4. **Refresh the vendored JSON schemas** at [tests/fixtures/genai_schemas/](../../python/openinference-instrumentation/tests/fixtures/genai_schemas/) from `~/.cache/oi-conformance/semconv/<new-version>/docs/gen-ai/gen-ai-{input,output}-messages.json`.
5. **Run unit tests** (`pytest tests/test_genai.py`). The `_load_json_attribute` validator runs the new schemas against every emitted message payload — any breaking shape change surfaces here.
6. **Skim the semconv changelog** for these specific risks (each one usually requires a code change in `_genai_conversion.py`):
   - New required fields on `ChatMessage` / `OutputMessage` parts (`TextPart`, `ToolCallRequestPart`, etc.) → builder functions need to populate them.
   - New `Role` enum values → `_normalize_message_role` may need a mapping.
   - New `FinishReason` enum values → `_normalize_finish_reason` may need a mapping.
   - Added `gen_ai.*` registry attrs → opportunity for new dual-write mappings; re-run the harness and look at the "Missing registry attributes" summary.
   - Removed / renamed `gen_ai.*` attrs → drop from `_genai_attributes.py` and stop emitting in `_genai_conversion.py`.
7. **Refresh inline version refs**: the semconv-version mentions in [test_genai.py](../../python/openinference-instrumentation/tests/test_genai.py) (schema-source comment), [README.md](../../python/openinference-instrumentation/scripts/conformance/README.md) (caveats section, includes Weaver version too), and [_genai_conversion.py](../../python/openinference-instrumentation/src/openinference/instrumentation/_genai_conversion.py) (the encoding comment inside `get_genai_message_attributes`).

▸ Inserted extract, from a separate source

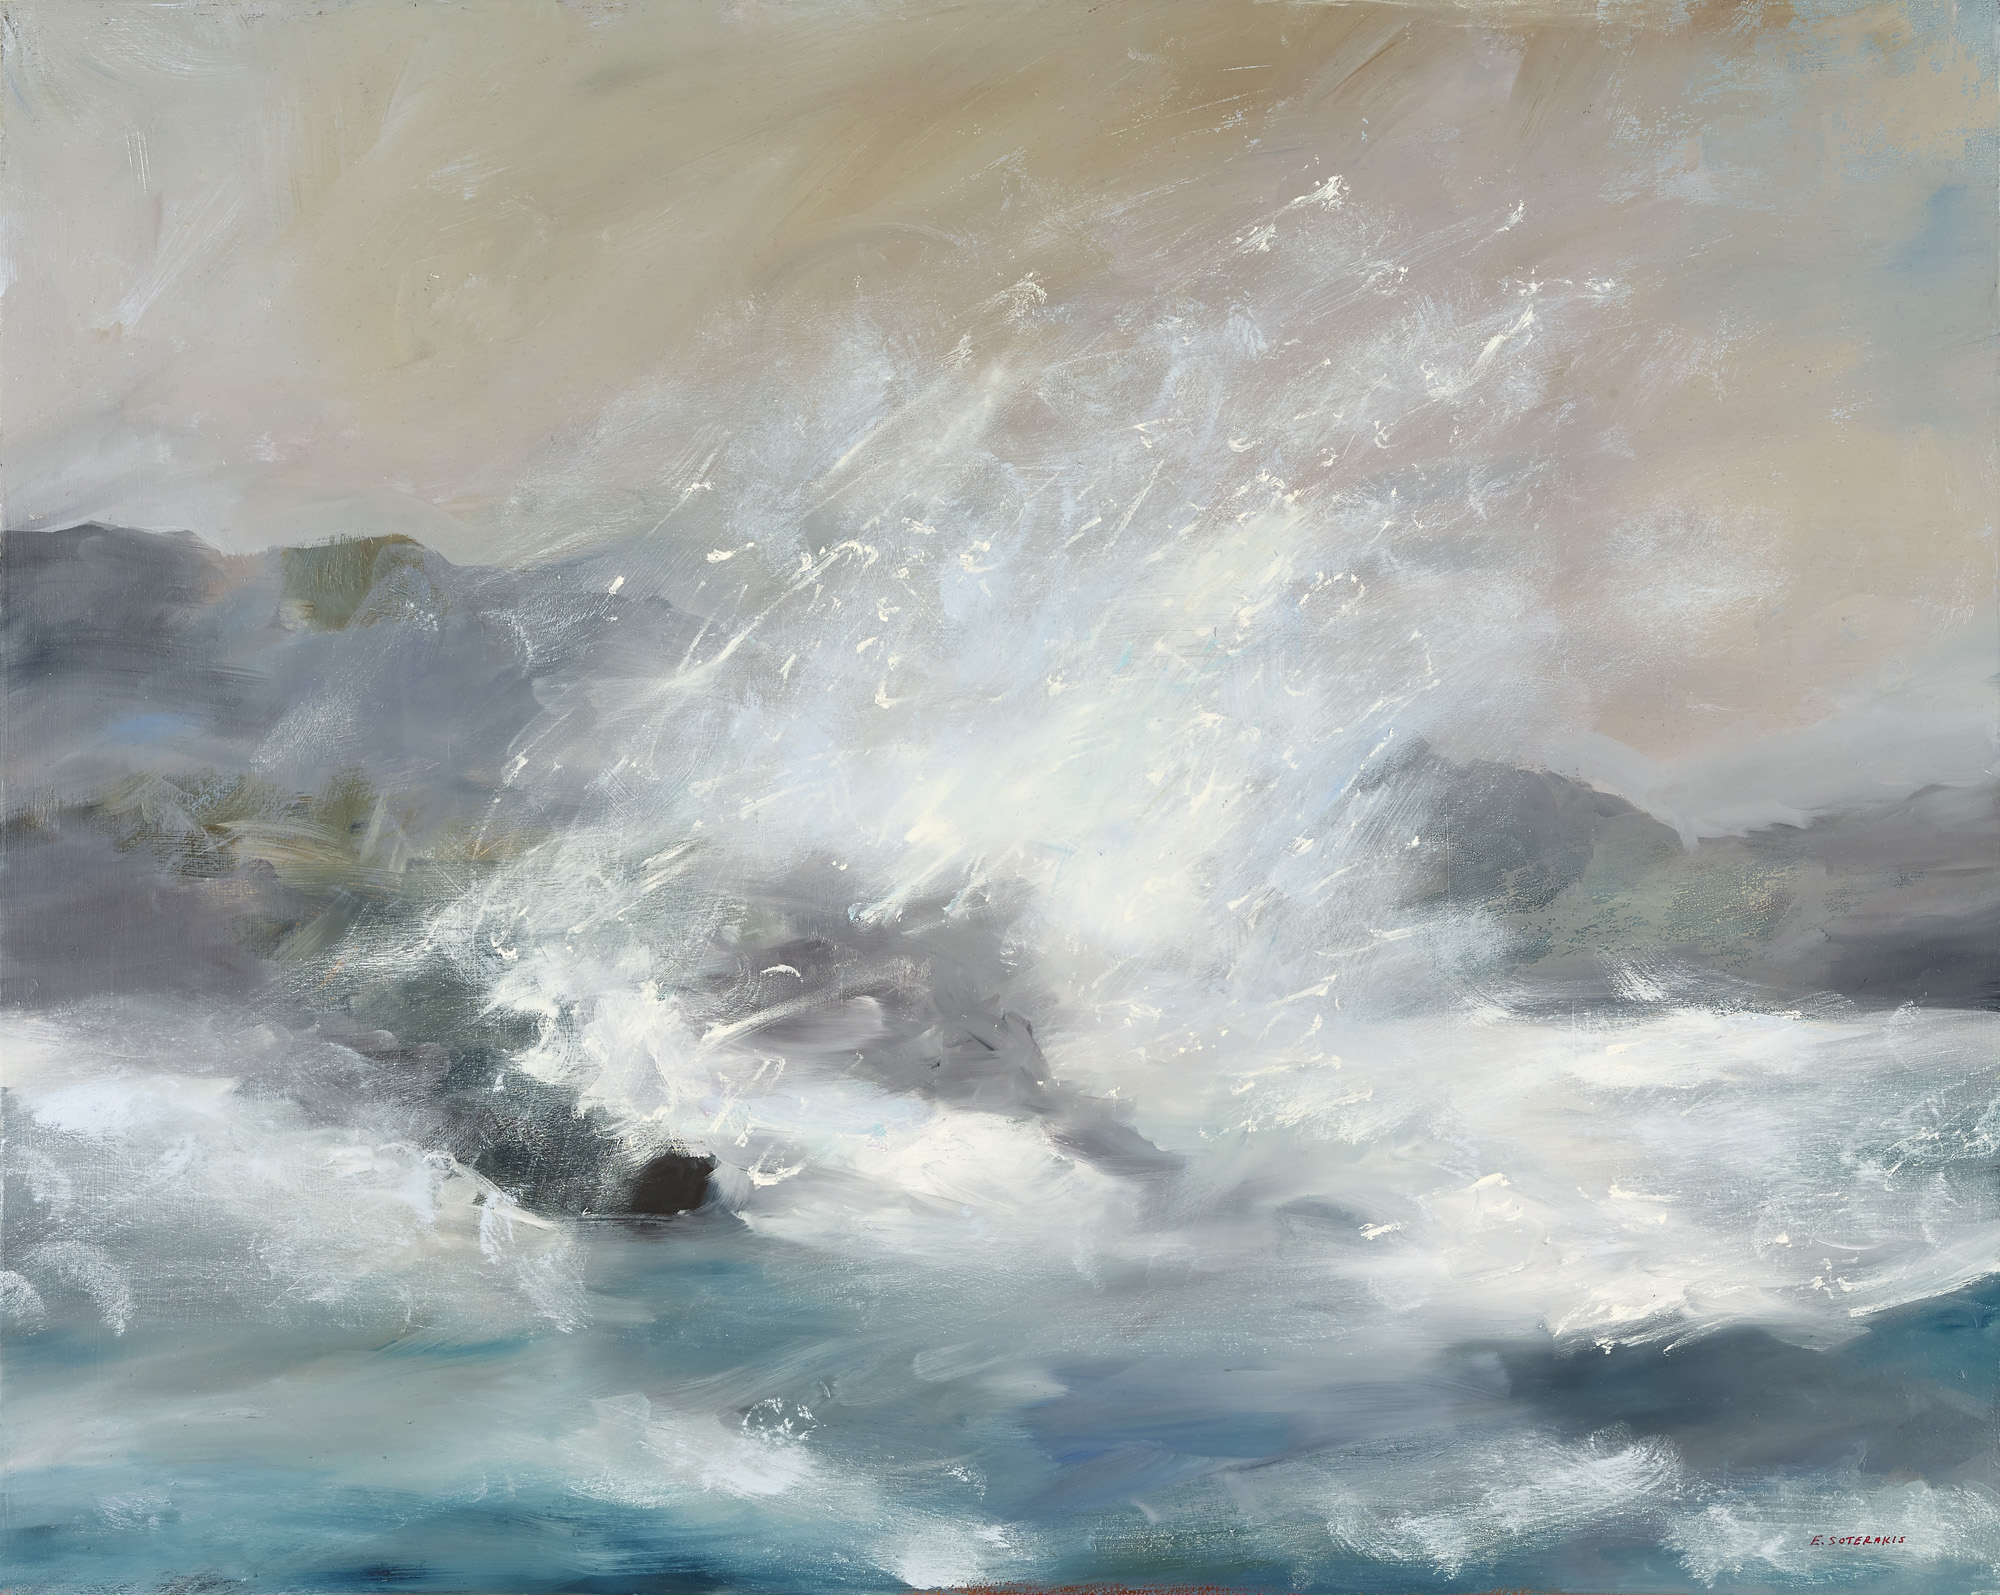 Tumultuous Seas, #6, 2013 oil on panel 24 x 30 in.
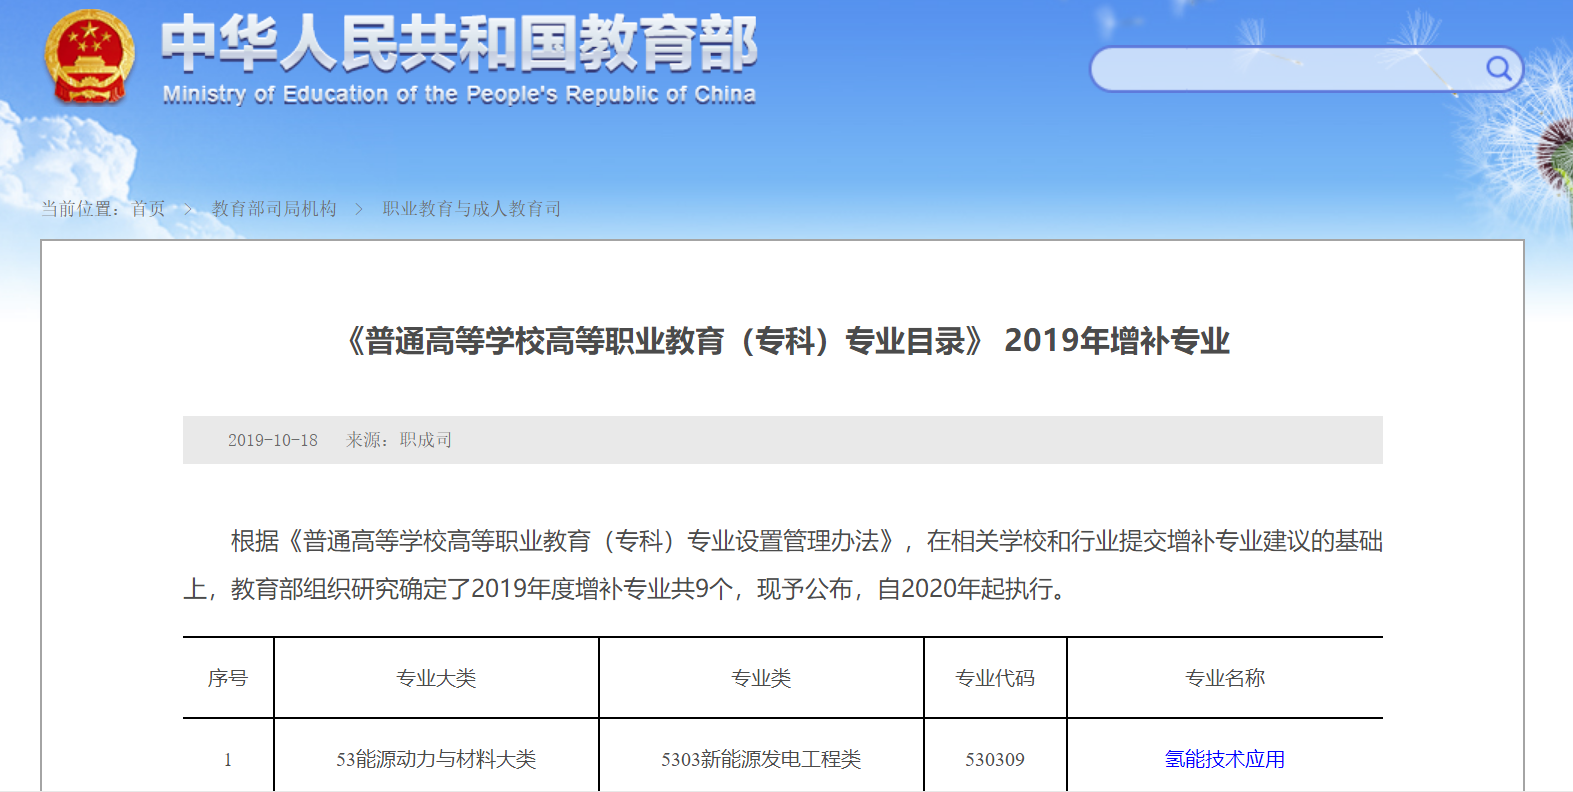 http://www.reviewcode.cn/yunweiguanli/94428.html

8. **Re-run the conformance harness** end-to-end; verify no `gen_ai.*` attribute regressed and no genuine shape errors appear in `results/live_check.json` (advice with `id != "missing_attribute"`).

## Gotchas

- **PEP 723 inline-table line length**: `[tool.uv.sources.<pkg>] { path = "...", editable = true }` on one line easily exceeds 100 chars and trips ruff E501. Use the multi-section form (`[tool.uv.sources.<pkg>]\npath = "..."\neditable = true`).
- **The conformance dir is excluded from package-level checks**: `pyproject.toml` excludes `scripts/*` from mypy and `scripts` from pytest's `norecursedirs`. ruff still lints it. Don't add Python imports that mypy/pytest can't resolve in the lint env (e.g. provider SDKs) outside this directory.
- **Weaver inactivity timeout** is 90s. First-run uv installs of OpenTelemetry/OpenAI/Google SDKs can take a while — `run.py` prewarms each provider env via `--prewarm` early-exit before starting Weaver. If you add a new provider script, give it a `--prewarm` early-exit too.
- **Single mock server** for all providers: one Flask app handles `/v1/messages` (Anthropic), `/v1/chat/completions` + `/v1/embeddings` + `/v1/responses` (OpenAI), and `/v1beta/models/<path:model>` (Google). Each endpoint discriminates between text and tool variants by checking `body.get("tools")`.
- **Editable installs are mandatory**: PyPI versions of `openinference-instrumentation` and the per-provider packages won't have in-progress dual-write changes. The `[tool.uv.sources]` blocks in each `<provider>_conformance.py` pin the local repo paths.
- **System messages stay in `gen_ai.input.messages`.** The dual-write does not emit `gen_ai.system_instructions`; system instructions are assumed to flow through as a system-role entry in `LLM_INPUT_MESSAGES`. The `gen_ai.input.messages` JSON schema explicitly admits `"system"` as a valid role.
- **`tool_call` (singular) finish_reason** — the conversion normalizes both `tool_calls` (OpenAI plural) and `function_call` (legacy) to `"tool_call"`. The OTel registry doesn't constrain values for `gen_ai.response.finish_reasons`, but OTel's conventional value is plural `tool_calls`. If you change the normalization target, update the asserting tests in `test_genai.py` too.
- **Don't conflate violations with shape errors**: the headline "violation: N" counts `missing_attribute` advice on OI native attrs (expected) plus any genuine shape mismatches on `gen_ai.*` attrs (real bugs). To find genuine shape errors, parse `results/live_check.json` and look at advice with `id != "missing_attribute"`.